Targeting Virulence Factors Using TIQAM
The temporal regulation of virulence factors has been proposed as a major factor for the pathogenicity of particular S. pyogenes strains. However, a broad analysis of the response of virulence factor proteins to external stimuli was so far not feasible. Therefore we applied TIQAM to specifically target virulence factors based on the current literature (supplemental Data 2). By the extensive proteome mapping we identified 14 of these virulence factor proteins that were expressed under the experimental conditions. Based on this information accessible in the PeptideAtlas we used TIQAM to select PTPs and generate transitions specific for the four singly charged y-fragment ions with an m/z above the precursor ion for doubly and triply charged precursor ions, respectively. Subsequently we performed MRM-triggered MS/MS experiments to validate these transitions by comparing theoretical and observed MS/MS spectra using TIQAM (Fig. 3, a and b). We were able to identify nine virulence factors by this approach in the unfractionated, pooled sample (supplemental Data 2). In addition, we validated transitions specific for 12 housekeeping proteins for normalization purposes. Of all manually validated transitions, we selected for each peptide the three transitions with the best signal-to-noise ratio resulting in a total of 141 transitions for 48 peptides (for three peptides we found only two intense transitions) (supplemental Data 3) that we used to quantify the virulence factors in the biological samples.
Quantitative Analysis
To quantify the targeted virulence factors and the control proteins, each sample was spiked with a heavy labeled pool of all samples as internal standard. The 282 resulting transitions (141 each for light and heavy) were analyzed in a single LC-MS run per sample. This was possible by using prototype instrument acquisition software that features the acquisition of transitions restricted to retention time windows so that at a particular time only a fraction of the transitions is analyzed (15). Hence a large number of total transitions may be analyzed without the need to compromise on dwell time or sampling rate (Fig. 3c).

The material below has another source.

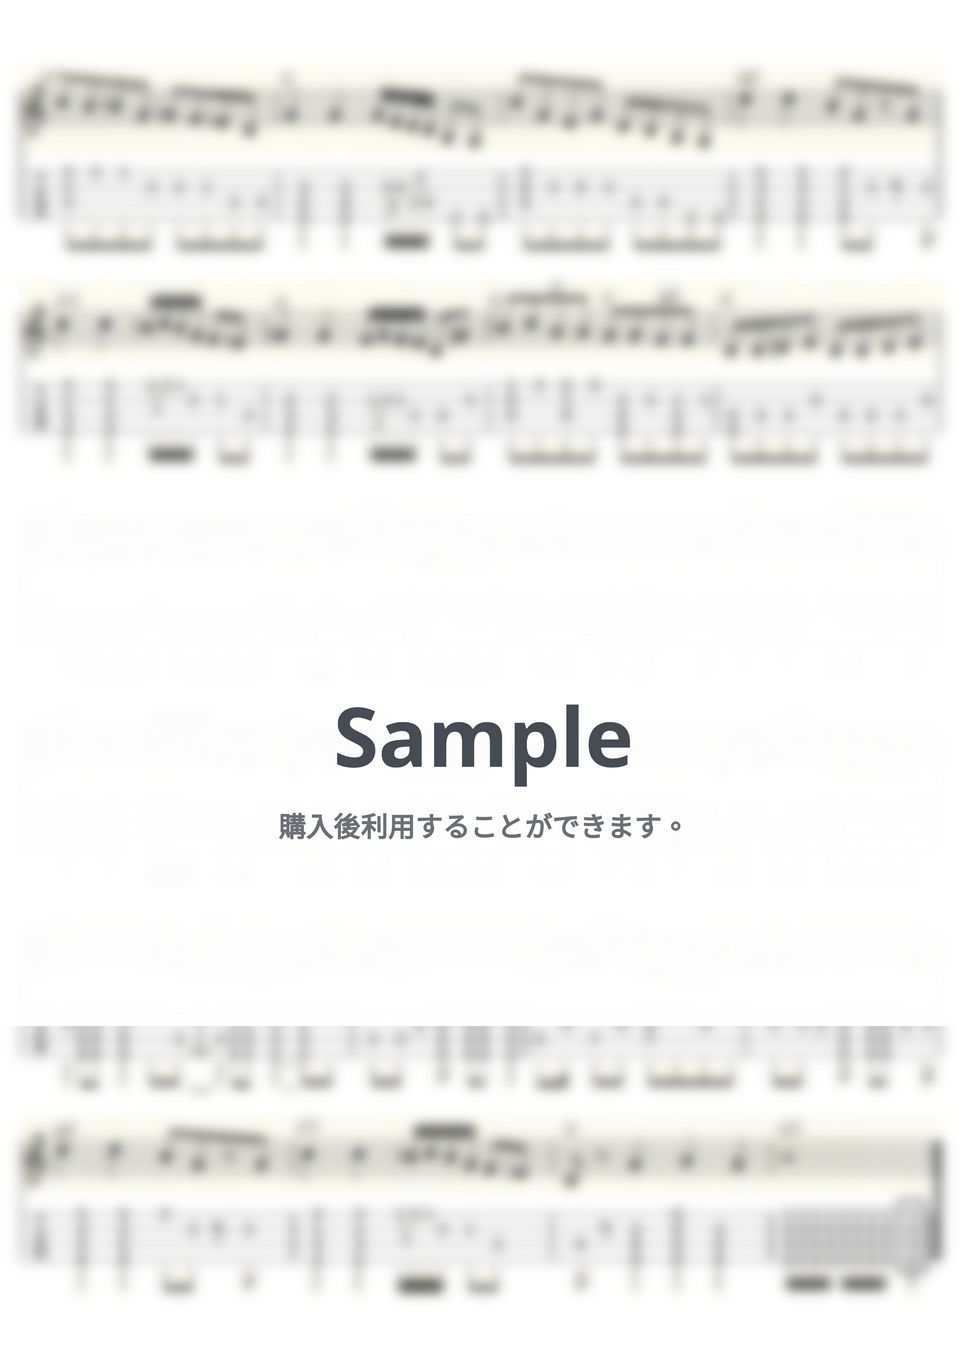 ヘンリー・マンシーニ - Baby Elephant Walk (ｳｸﾚﾚｿﾛ/Low-G/中級) by ukulelepapa
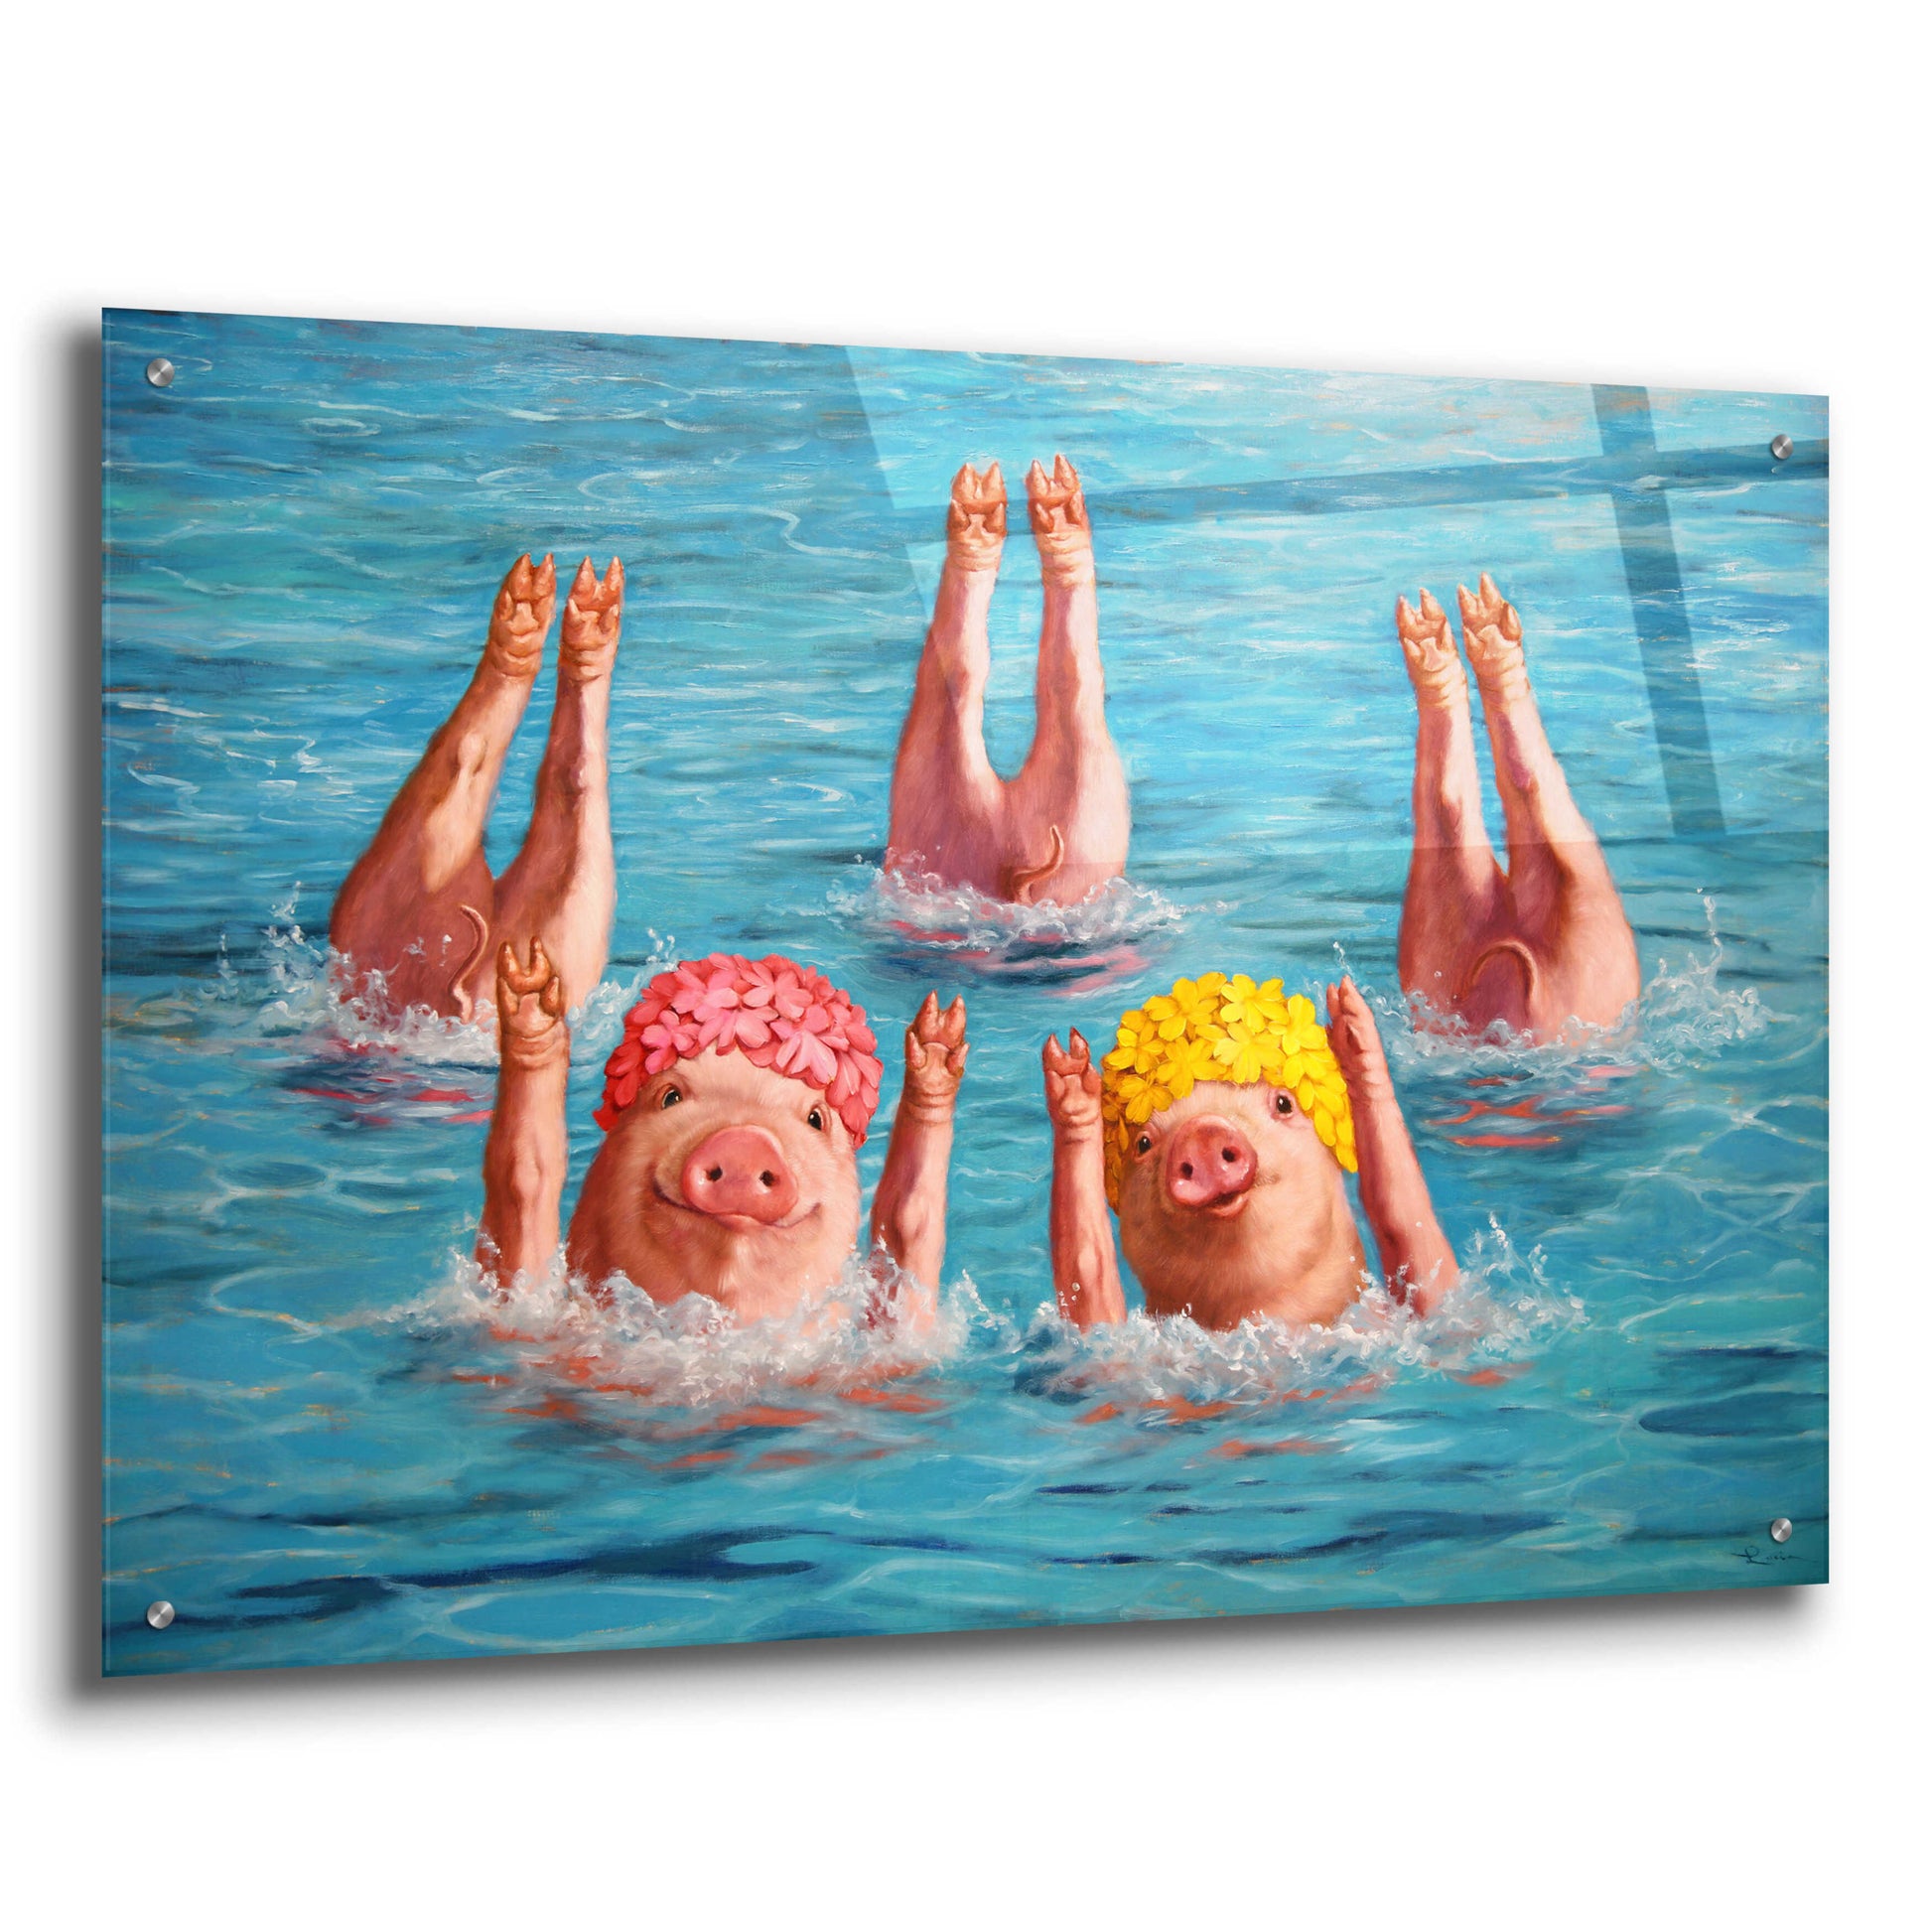 Epic Art 'Water Ballet' by Lucia Heffernan,36x24

To characterize the virulence factor expression changes upon contact with plasma, we cultured S. pyogenes in medium supplemented with five different amounts of plasma ranging from 0 to 20%. Two replicate experiments were performed for all the plasma concentrations investigated. The resulting 10 samples were analyzed twice by MRM. We obtained quantitative data for each targeted peptide from all 10 samples demonstrating the strength of the MRM approach for reliable quantification of multiple samples (supplemental Data 4). In Fig. 4A we display the relative peptide intensities of the 10 biological experiments as the average (±S.D.) over all available transitions of the duplicate analysis. The plot reveals the relatively minor deviation in the MRM analysis compared with the variation detected for the biological replicate experiments (different colors). To determine which proteins change significantly in abundance due to the change in plasma concentration, we fitted a linear mixed-effects model to the data for each targeted virulence factor. Fig. 4B visualizes the 95% confidence intervals for the population marginal means of expression for the investigated amounts of human plasma (total mean and plasma effect). Four proteins were significantly regulated: putative endopeptidase O (p < 0.0001), collagen-like surface protein A (p = 0.0003), C5a peptidase (p = 0.0044), and streptopain (p = 0.0099). The first three were induced, whereas streptopain was repressed upon plasma stimulation. Further these plots indicate that three proteins (putative serine protease, M protein type 1, and glyceraldehyde-3-phosphate dehydrogenase) were not regulated. Surface lipoprotein and C3-degrading proteinase seem to show a (statistically non-significant) up-regulation trend upon plasma exposure. The quantitative data obtained over five different conditions allows the distinction of two types of response characteristics. For putative endopeptidase O and C5a peptidase we found a steady increase in protein amount with increasing plasma concentration starting at 1% and up to 20%. In contrast, the collagen-like surface protein A showed an additional strong increase in expression when the plasma concentration was above 5%.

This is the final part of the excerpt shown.